Spazio Chiaramonte: lettera aperta a Mario Incudine

Spazio Chiaramonte: lettera aperta a Mario Incudine

Gennaio 7, 2019 0 Di Irene Savasta

Riceviamo e volentieri pubblichiamo una lettera inviataci dall’associazione “Spazio Chiaramonte”. Buona lettura.

“Gent.mo Mario Incudine,
come concittadini e come componenti della nostra Associazione non possiamo che essere onorati di poter annoverare tra noi chiaramontani un nome prestigioso come il suo.
Abbiamo già avuto modo di apprezzare l’entusiasmo, la professionalità, il significativo contributo da lei apportato nel creare una nuova realtà culturale a Chiaramonte, una città che, insieme alle sue tradizioni, mantiene sempre vivo il senso di comunità, un valore, questo, che come associazione ci proponiamo di preservare e di esercitare in tutti gli ambiti del vivere sociale, attraverso la riflessione su temi determinanti per la nostra città.
E così, come nostro concittadino, certi della sua disponibilità al confronto, abbiamo ritenuto opportuno indirizzarle questa lettera per condividere senza alcun intento polemico alcune considerazioni sulla realizzazione del Teatro Comunale, un evento che ha dato lustro alla nostra città ma che presenta dei retroscena non meno importanti e che vanno resi noti per questioni di trasparenza e nell’interesse dei cittadini.
Il teatro, come lei ben sa, è stato inaugurato in tempi brevissimi, quasi come sorto dal nulla, ma quello che è certo è che i 160.000 euro spesi per la trasformazione della Sala pluriuso Sciascia in Teatro Comunale, non sono frutto di virtuosismi amministrativi, come qualcuno vorrebbe far credere, ma sono stati prelevati dai 465.000 euro che TERNA, a seguito di accordi presi nel 2011 con il Comune e la Regione, dovrà versare al Comune di Chiaramonte Gulfi per la realizzazione dell’elettrodotto “Chiaramonte Gulfi –Ciminna”.
La storia di questa opera, la cui realizzazione è stata molto discussa, risale agli anni Novanta, quando a Chiaramonte, con il consenso dell’amministrazione del tempo, venne fatta installare una grande sottostazione di AT (alta tensione) in c.da Dicchiara lungo la SS 514 CT-RG. Tale sottostazione ha modificato profondamente l’aspetto della contrada, ha comportato l’estirpazione di ulivi , la svalutazione di fondi agrari e ha anche suscitato e continua a suscitare preoccupazioni e dubbi circa eventuali danni alla salute a causa dell’elettrosmog.
Nonostante ciò, divenuta ormai strategica e fondamentale per la gestione energetica regionale, questa sottostazione nei prossimi mesi sarà ampliata e diverrà parte fondamentale del nuovo elettrodotto a 380 kW “Chiaramonte Gulfi- Ciminna”. Proprio per questo TERNA corrisponderà al Comune di Chiaramonte Gulfi la somma di 465.000 euro da impiegare in opere di compensazione.
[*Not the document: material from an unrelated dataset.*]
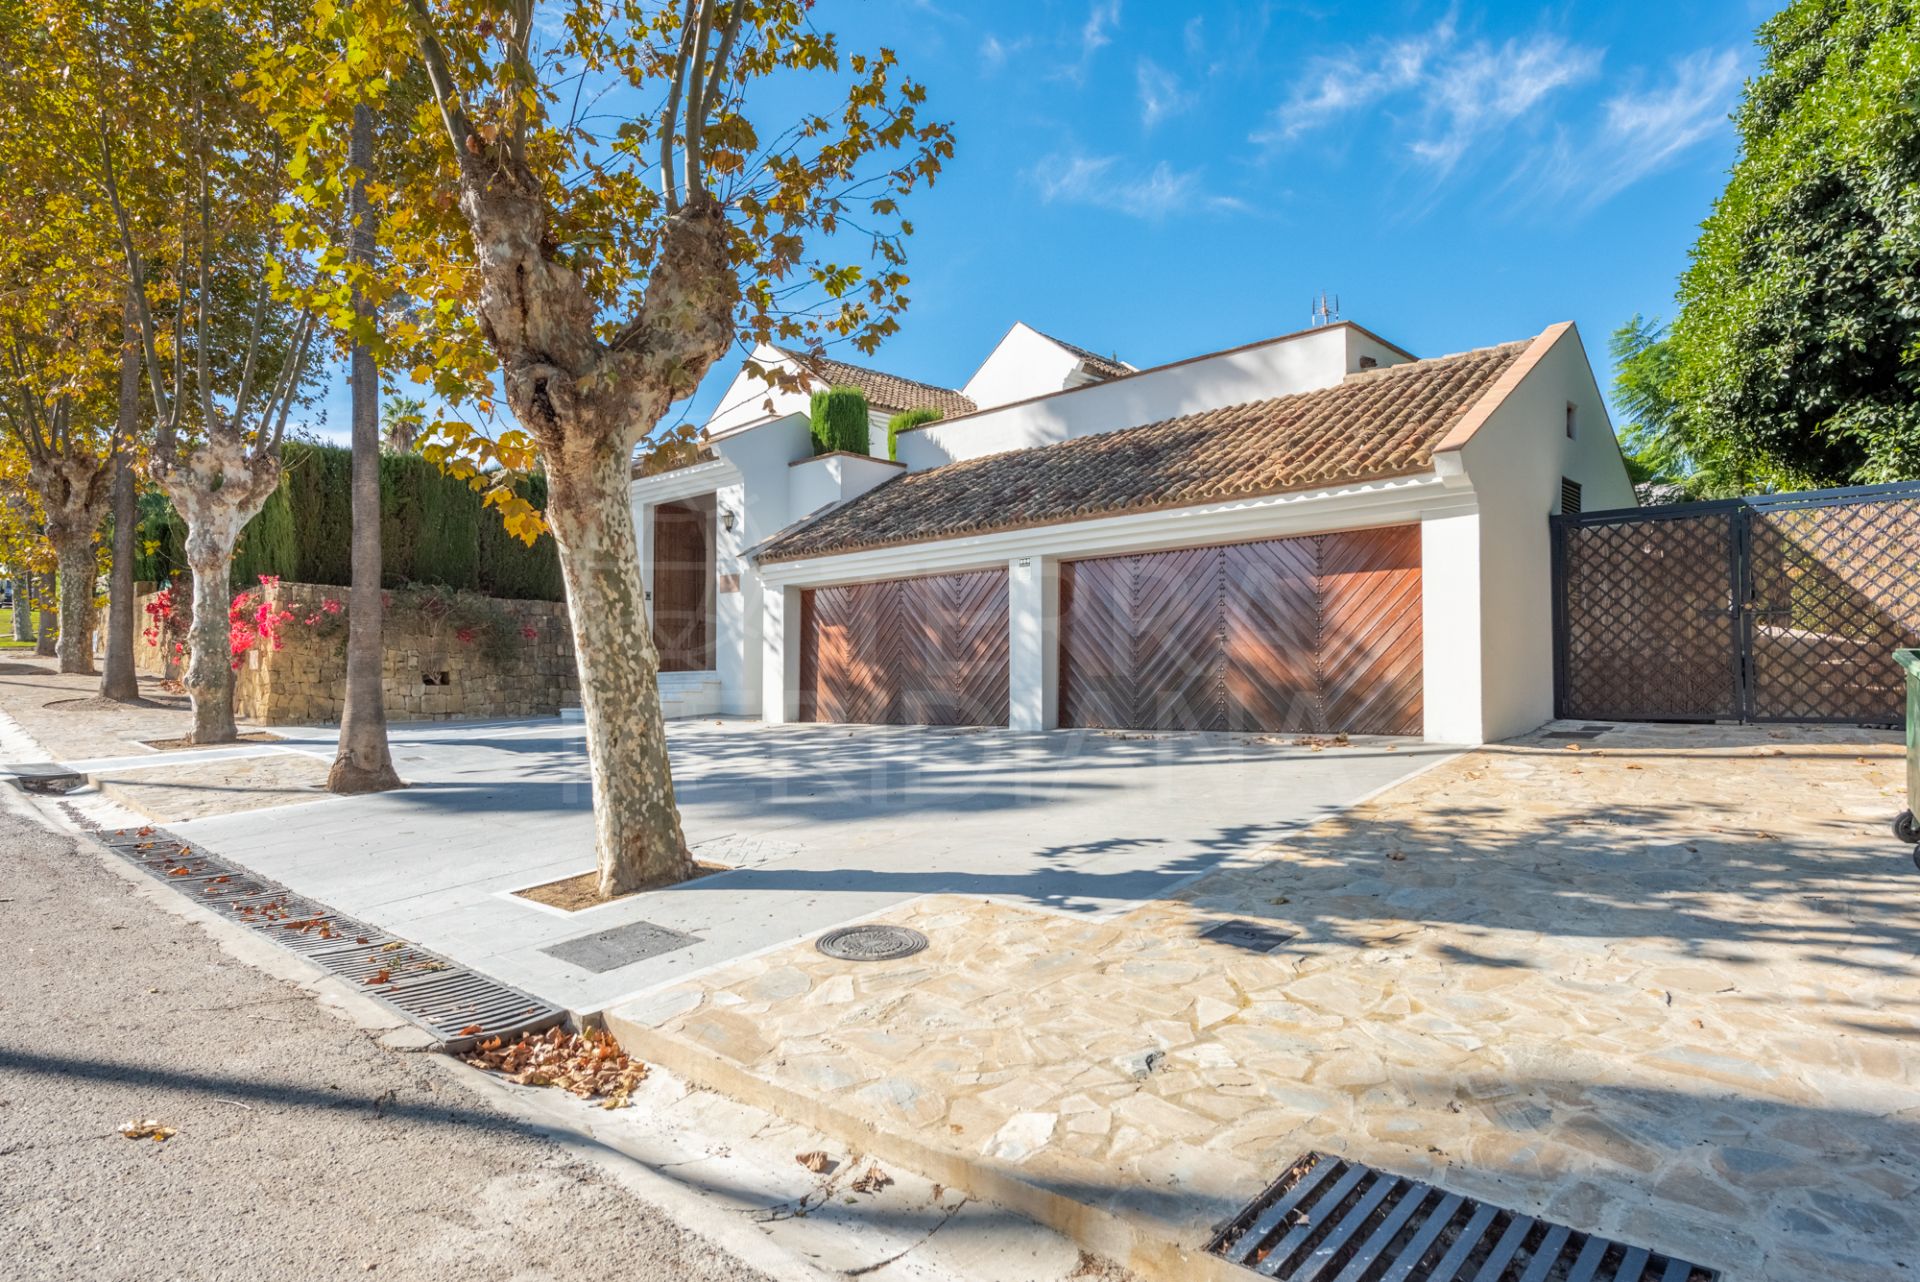 Spacious and stylish villa for sale in the sought after neighbourhood of Kings & Queens, Sotogrande
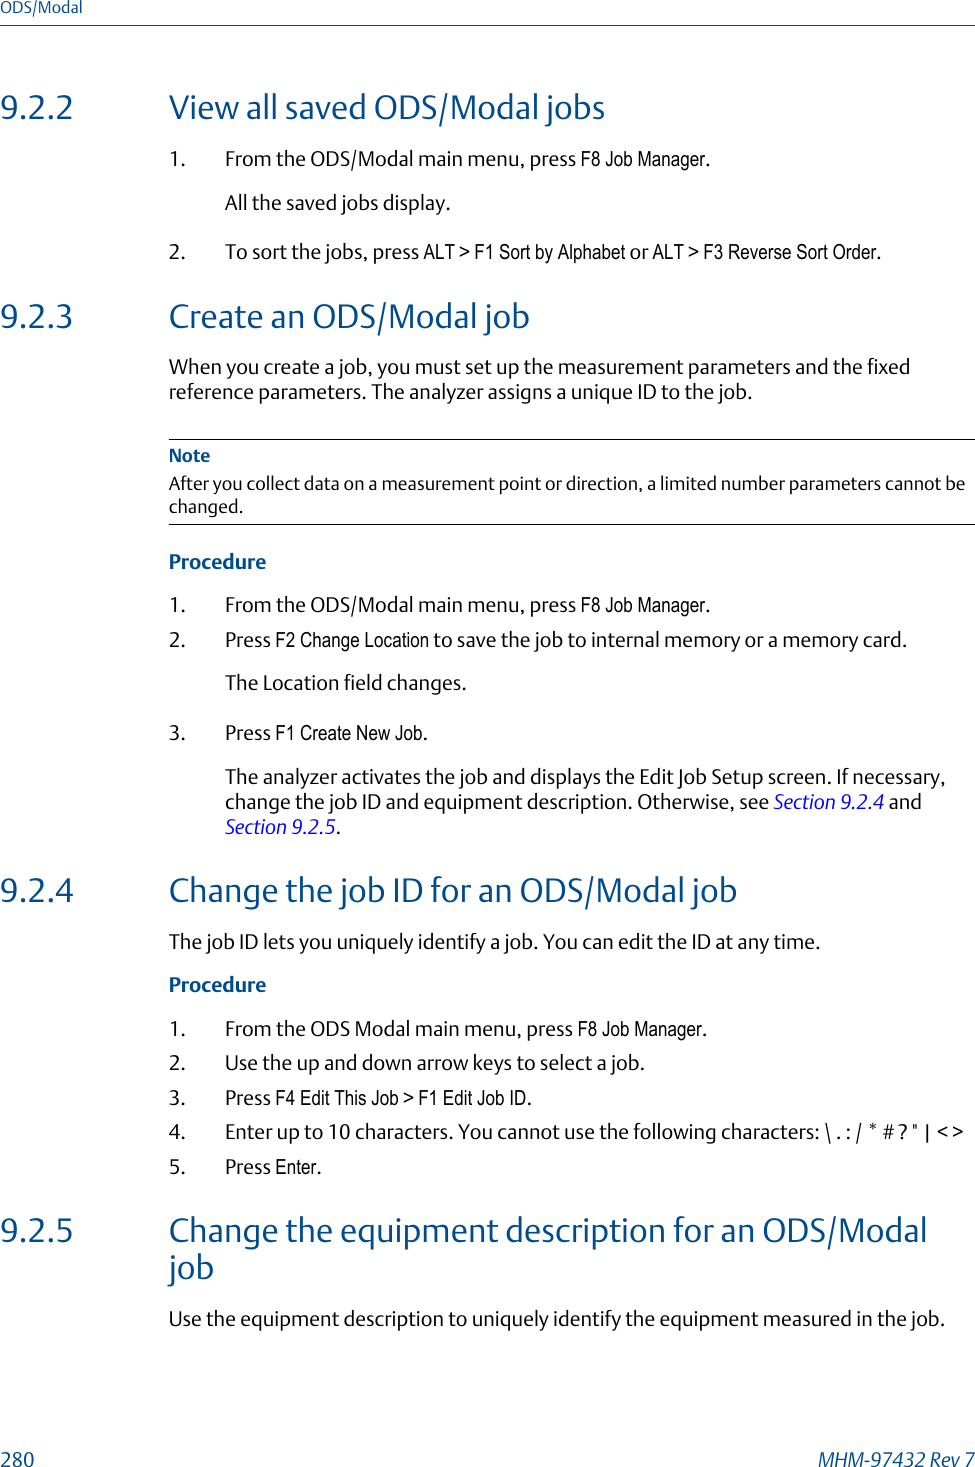 9.2.2 View all saved ODS/Modal jobs1. From the ODS/Modal main menu, press F8 Job Manager.All the saved jobs display.2. To sort the jobs, press ALT &gt; F1 Sort by Alphabet or ALT &gt; F3 Reverse Sort Order.9.2.3 Create an ODS/Modal jobWhen you create a job, you must set up the measurement parameters and the fixedreference parameters. The analyzer assigns a unique ID to the job.NoteAfter you collect data on a measurement point or direction, a limited number parameters cannot bechanged.Procedure1. From the ODS/Modal main menu, press F8 Job Manager.2. Press F2 Change Location to save the job to internal memory or a memory card.The Location field changes.3. Press F1 Create New Job.The analyzer activates the job and displays the Edit Job Setup screen. If necessary,change the job ID and equipment description. Otherwise, see Section 9.2.4 and Section 9.2.5.9.2.4 Change the job ID for an ODS/Modal jobThe job ID lets you uniquely identify a job. You can edit the ID at any time.Procedure1. From the ODS Modal main menu, press F8 Job Manager.2. Use the up and down arrow keys to select a job.3. Press F4 Edit This Job &gt; F1 Edit Job ID.4. Enter up to 10 characters. You cannot use the following characters: \ . : / * # ? &quot; | &lt; &gt;5. Press Enter.9.2.5 Change the equipment description for an ODS/ModaljobUse the equipment description to uniquely identify the equipment measured in the job.ODS/Modal280 MHM-97432 Rev 7

La somma, è volta a compensare gli impatti territoriali residui legati alla realizzazione dell’opera per la parte ricadente nel territorio del nostro Comune attraverso la realizzazione di opere di riqualificazione urbanistica e ambientale del centro urbano e/o opere di riqualificazione della viabilità urbana ed extraurbana.
Proprio per questo, considerata l’origine e la destinazione di questi fondi, pur riconoscendo la valenza culturale del teatro comunale, ci chiediamo come la “sua creazione” possa compensare gli squilibri ambientali che le aziende e i residenti delle contrade interessate dalla centrale hanno sopportato e dovranno sopportare, e come dal nuovo teatro ci si possa sentire rassicurati circa gli effetti dell’elettrosmog sulla salute dei cittadini .
E’ giusto da un punto di vista etico e morale usare dei fondi destinati a compensazione e riduzione di evidenti effetti ambientali per realizzare opere di tutt’altro genere, sicuramente significative e importanti, ma che poco hanno a che vedere con l’interesse primario della collettività e della salute dei cittadini?
Come concittadino, come parte della nostra comunità, conoscendo il suo attaccamento per la nostra terra e la sua sensibilità di artista, abbiamo voluto renderla partecipe delle scelte politiche che si operano in questa città.
Ci auguriamo che essi possano suscitare in lei curiosità ed interesse e che a partire da un giudizio obiettivo sulla nostra città lei possa suggerire e apportare validi contributi per un futuro migliore”.